[[ Stored data open ]]
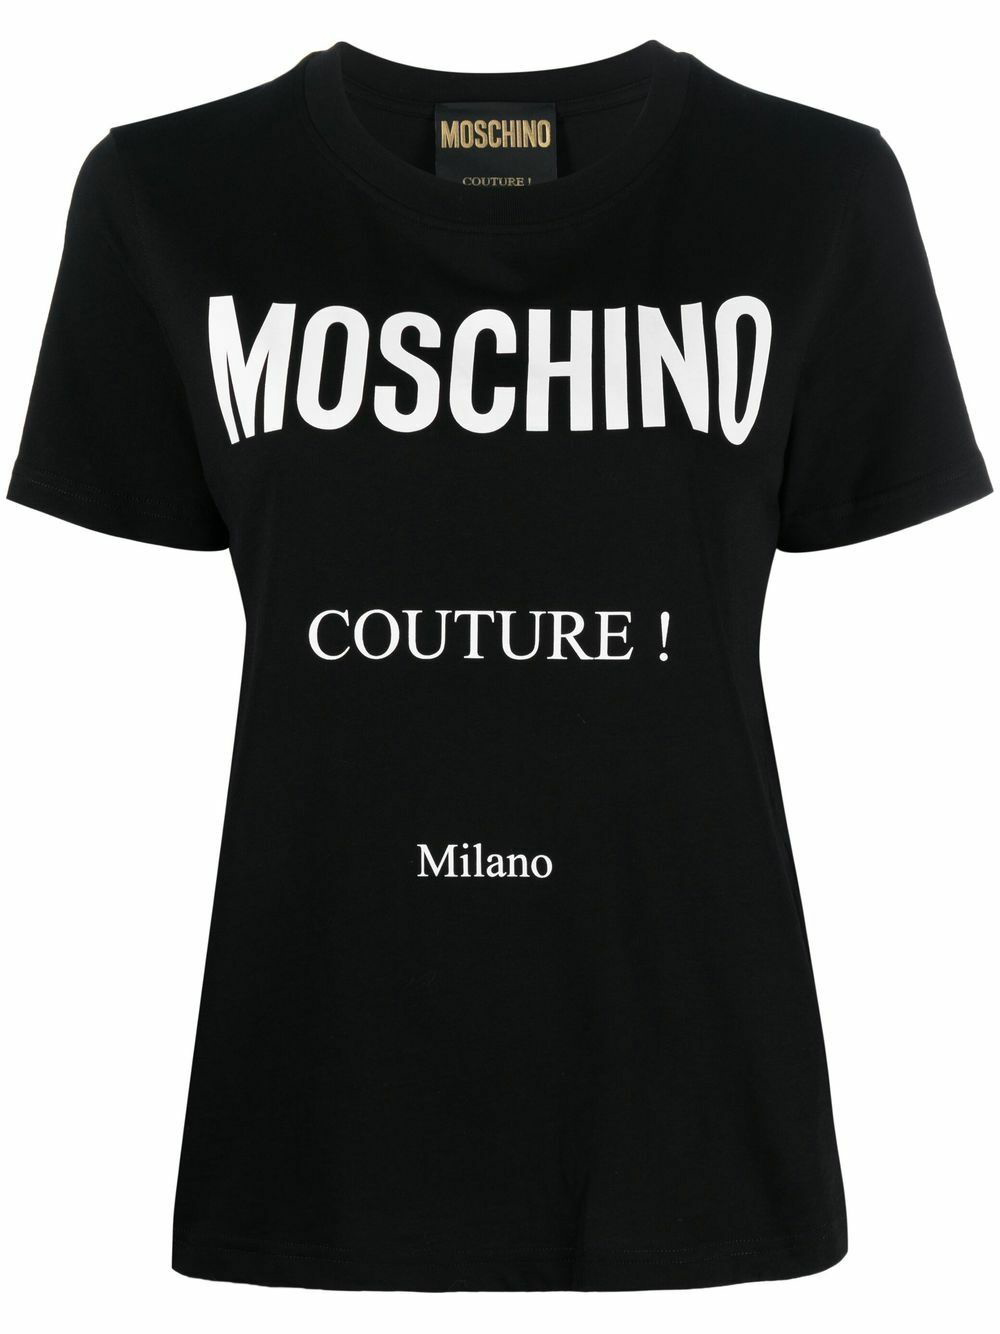 Moschino T Shirt Black Womens Moschino
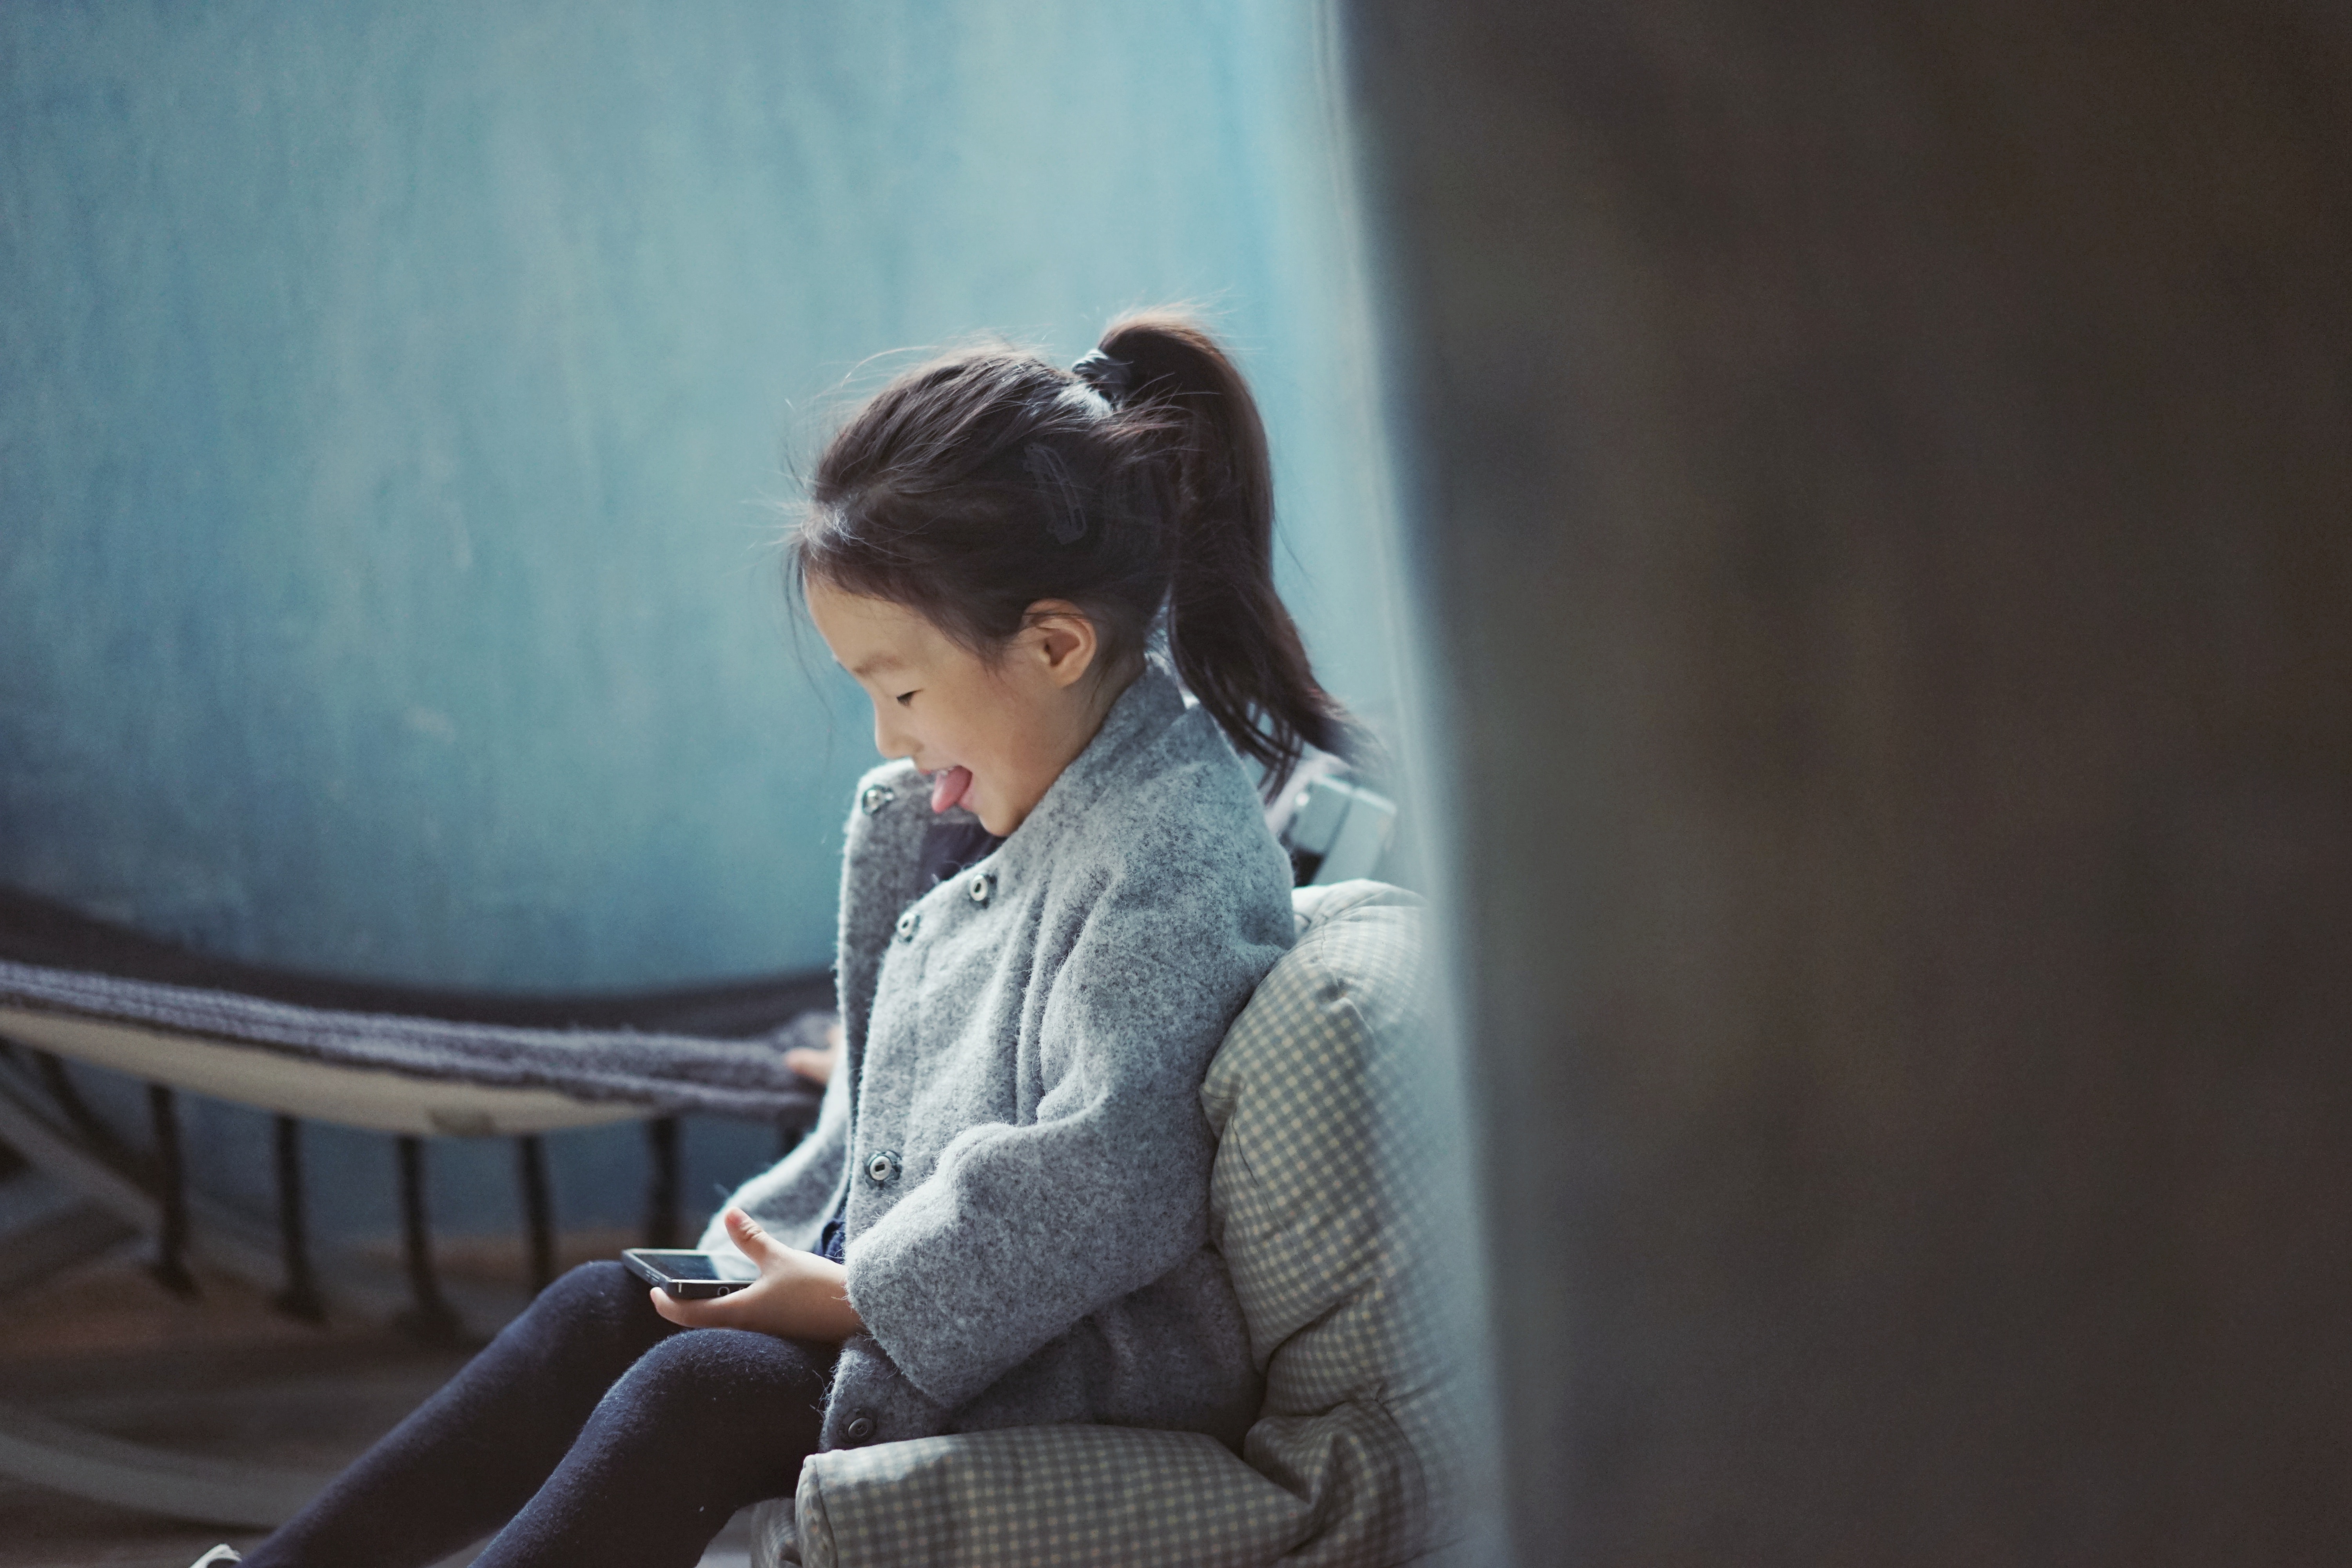 La Chine veut limiter le temps de smartphone des enfants. Et si c'était la solution ?
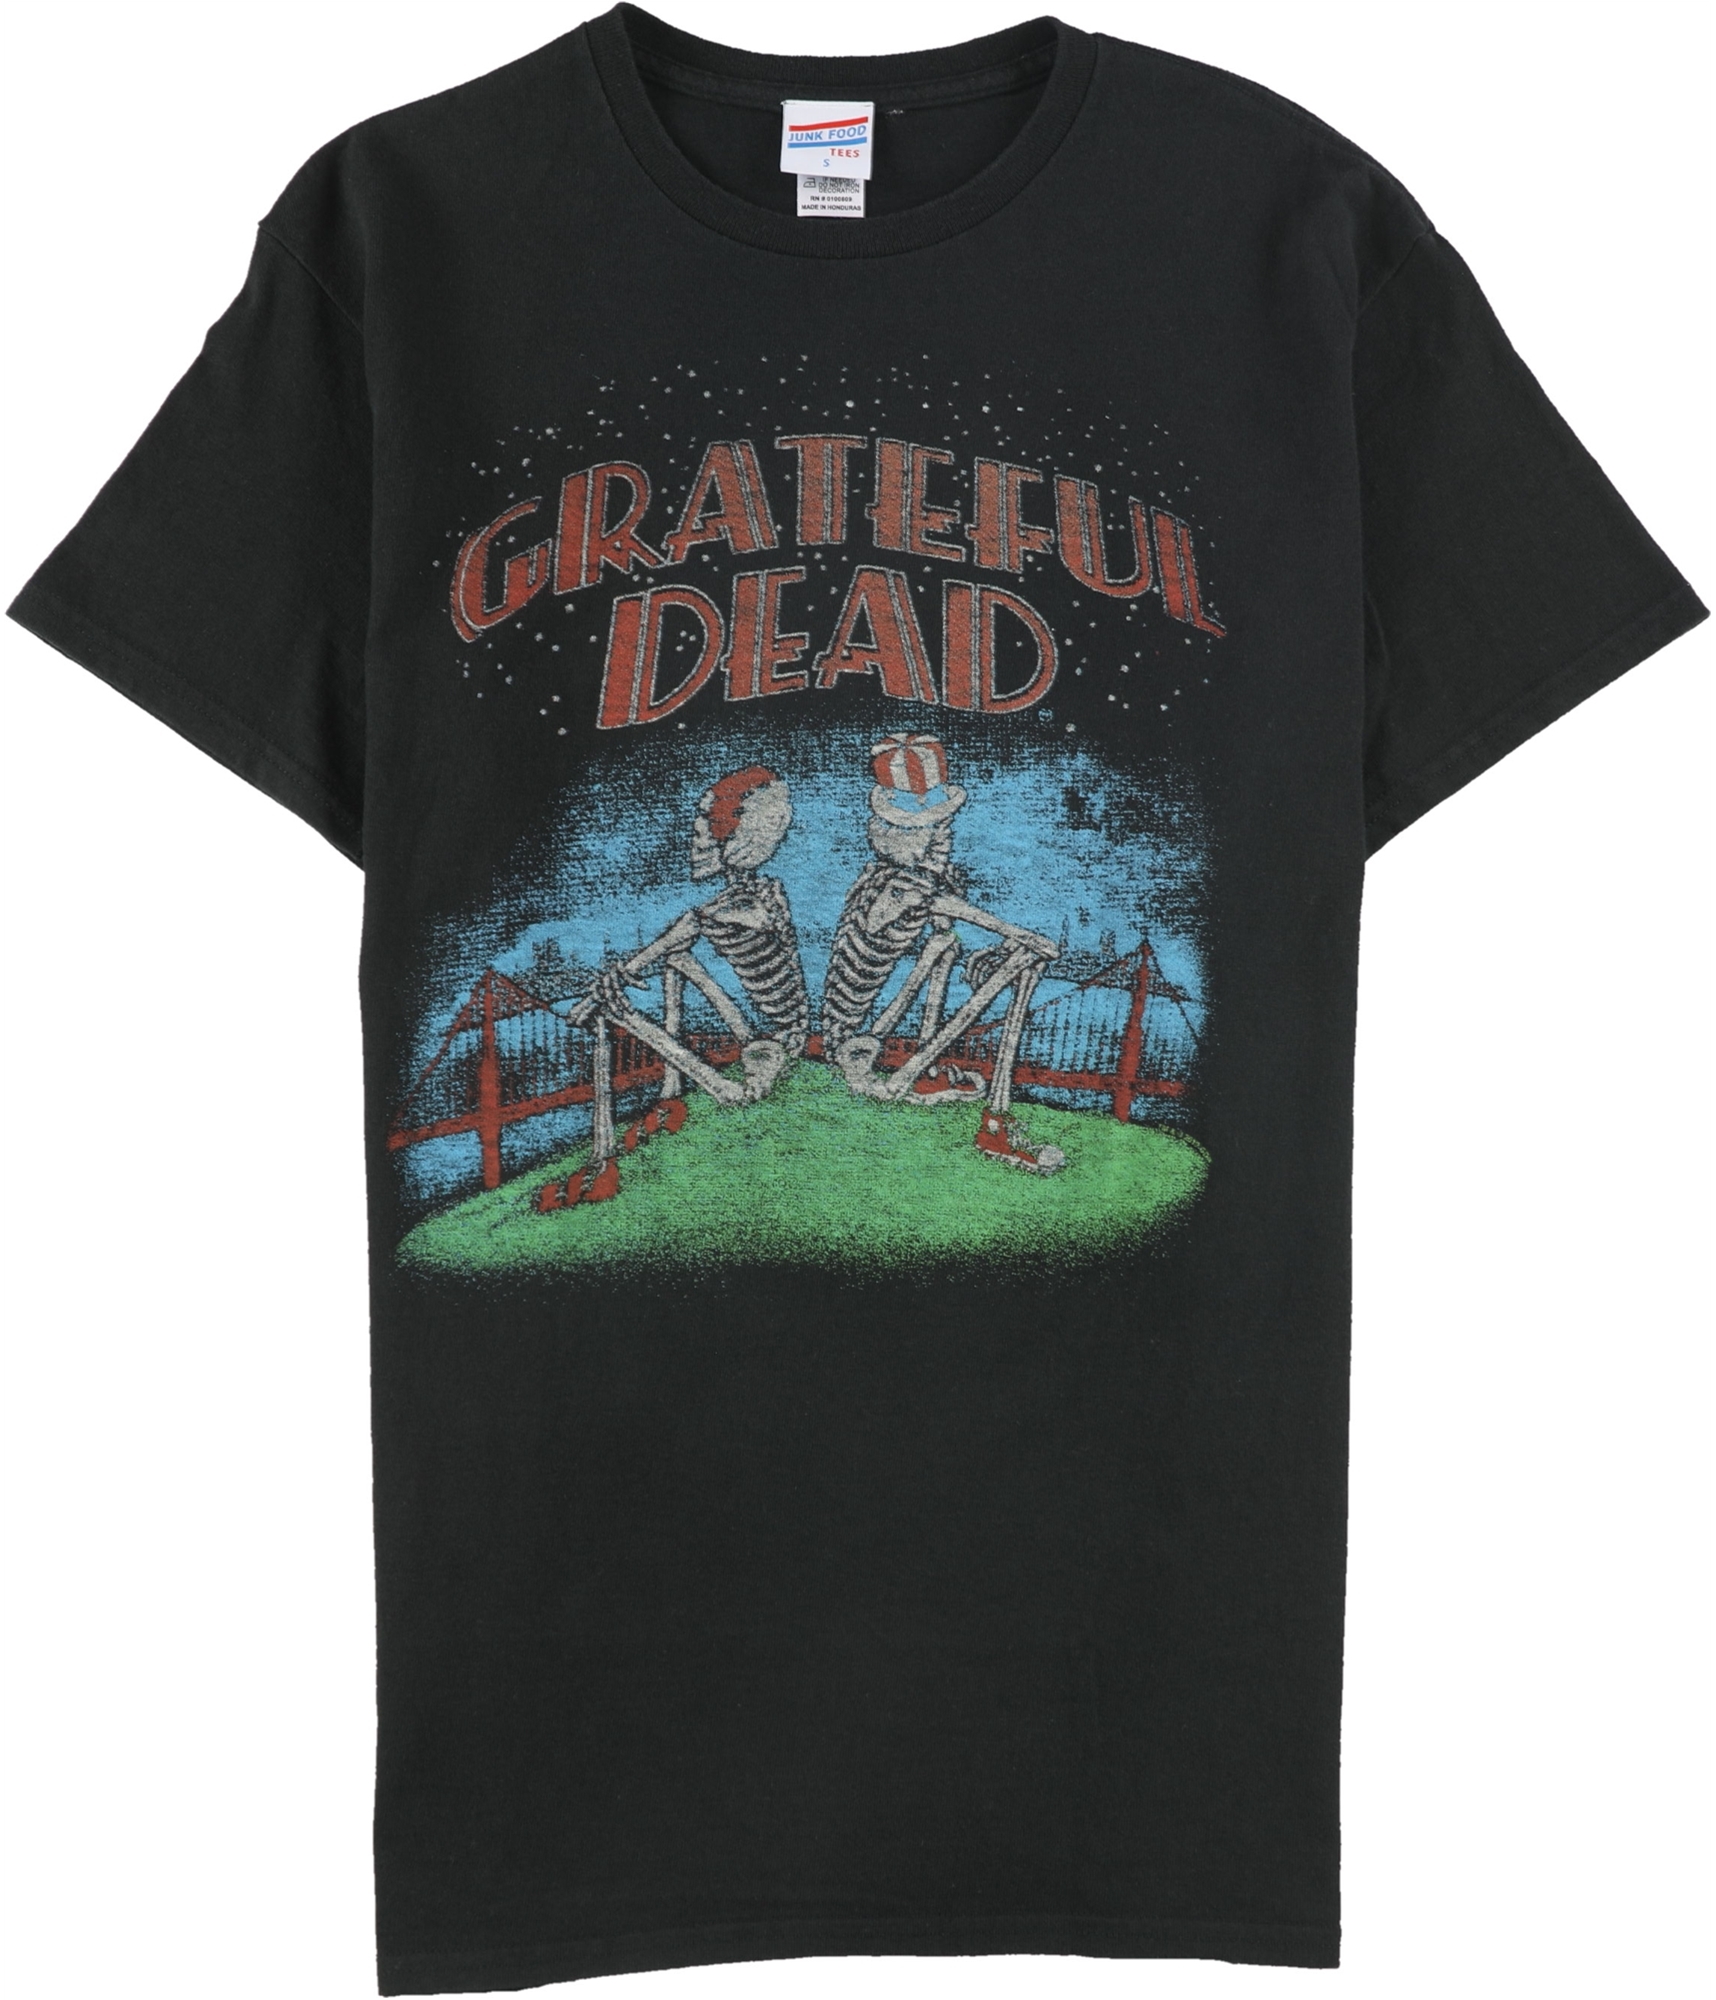 Junk Food Mens Grateful Dead Graphic T-Shirt, Black, Small
[[ Stored data closed ]]
- _Problem to work on_
Print out all the material above exactly as it appears, omitting the images.

- _Final answer_
 Moschino T Shirt Black Womens Moschino
 La Chine veut limiter le temps de smartphone des enfants. Et si c'était la solution ?
 Junk Food Mens Grateful Dead Graphic T-Shirt, Black, Small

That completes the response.